British motorcycle racer

Olga Kevelos (6 November 1923 – 28 October 2009) was an English Motorcycle trials and enduro rider who won a gold medal at the International Six-Day Trial.

== Early life ==
Olga Kevelos was born on 6 November 1923 in Edgbaston, Birmingham, to a Greek father and English mother. Her father worked in the Birmingham Stock Exchange. She was educated at King Edward VI High School for Girls where she excelled at metallurgy and astronomy. She then studied metallurgy, and at the beginning of the Second World War, worked in the laboratories of William Mills, manufacturer of the Mills bomb.

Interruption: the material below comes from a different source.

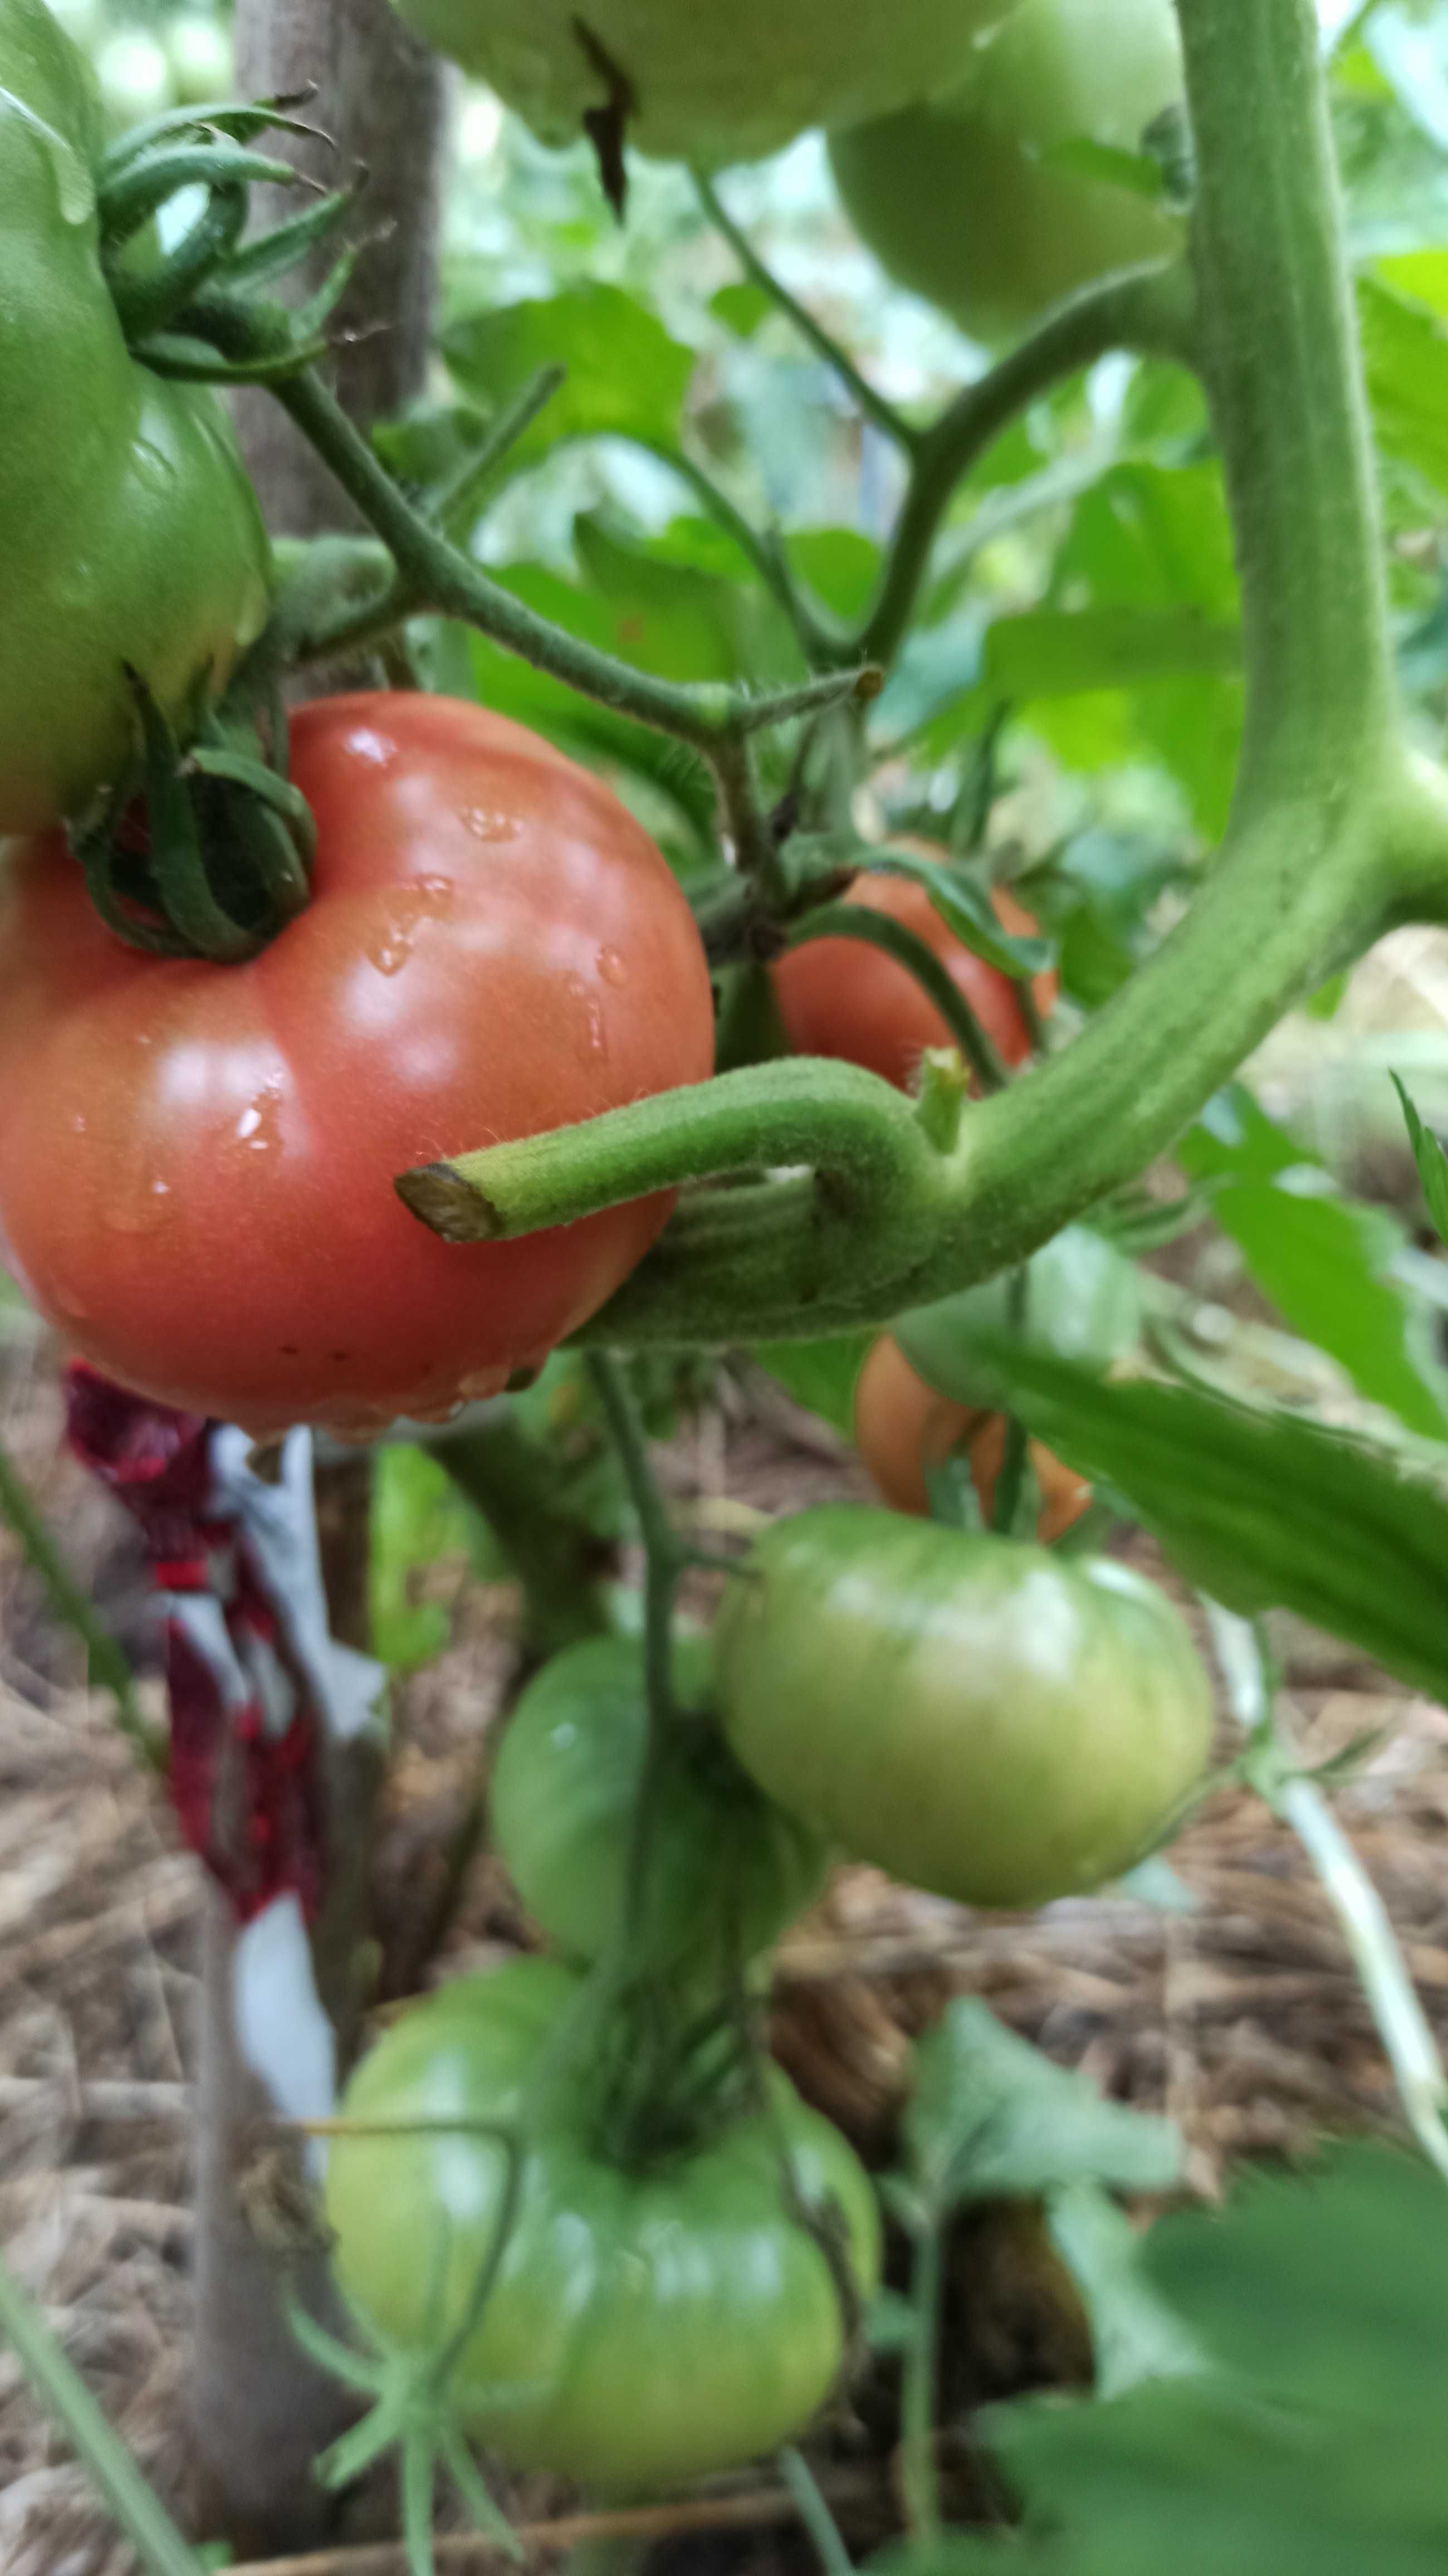 Розсада томатів (помідорів), вирощена на біогумусі. В стаканчиках

She then worked for a time at the Royal Observatory but enemy bombing soon forced its closure and she was evacuated to Bath. She did not enjoy the clerical work and applied to the Department of War Transport when she saw an advert for women trainees to man canal barges.

== Inland Waterways in the Second World War ==
Kevelos was one of the women who during the Second World War were recruited from 1943 to 1945 to work narrowboats on the Grand Union Canal between Birmingham and London, as part of the Boatwomen's training scheme. The women wore badges with the initials "I.W." for "Inland Waterways". The wearers were nicknamed 'Idle Women'. After the Second World War Kevelos studied in Paris but returned to the Midlands and later moved to King's Sutton in Northamptonshire.

== Racing career ==
In 1950 Kevelos won her gold medal, riding a 500cc Norton Manx in the International Six-Day Trials in Wales. She was to ride with varying degrees of success in every Scottish Six Days Trial until she finally retired from the sport in 1970, and in every International Six-Day Trial until 1966. During her competition career she secured support from almost every major British motorcycle manufacturer, and from the Italian and Czech manufacturers Parilla and Jawa.

== Later life ==
Olga Kevelos eventually gave up racing and for 26 years helped her younger brother Ray to run his pub, the Three Tuns, at King's Sutton, south Northamptonshire.

In 1978 she participated in BBC's Mastermind, with Genghis Khan as her specialist subject. Her expertise on the Mongolian Emperor was also a topic of interest for former Prime Minister, Tony Blair, who reportedly asked her about the topic at a Foreign Office reception. She later joked, "He probably wanted a few tips on how to invade other people’s countries successfully".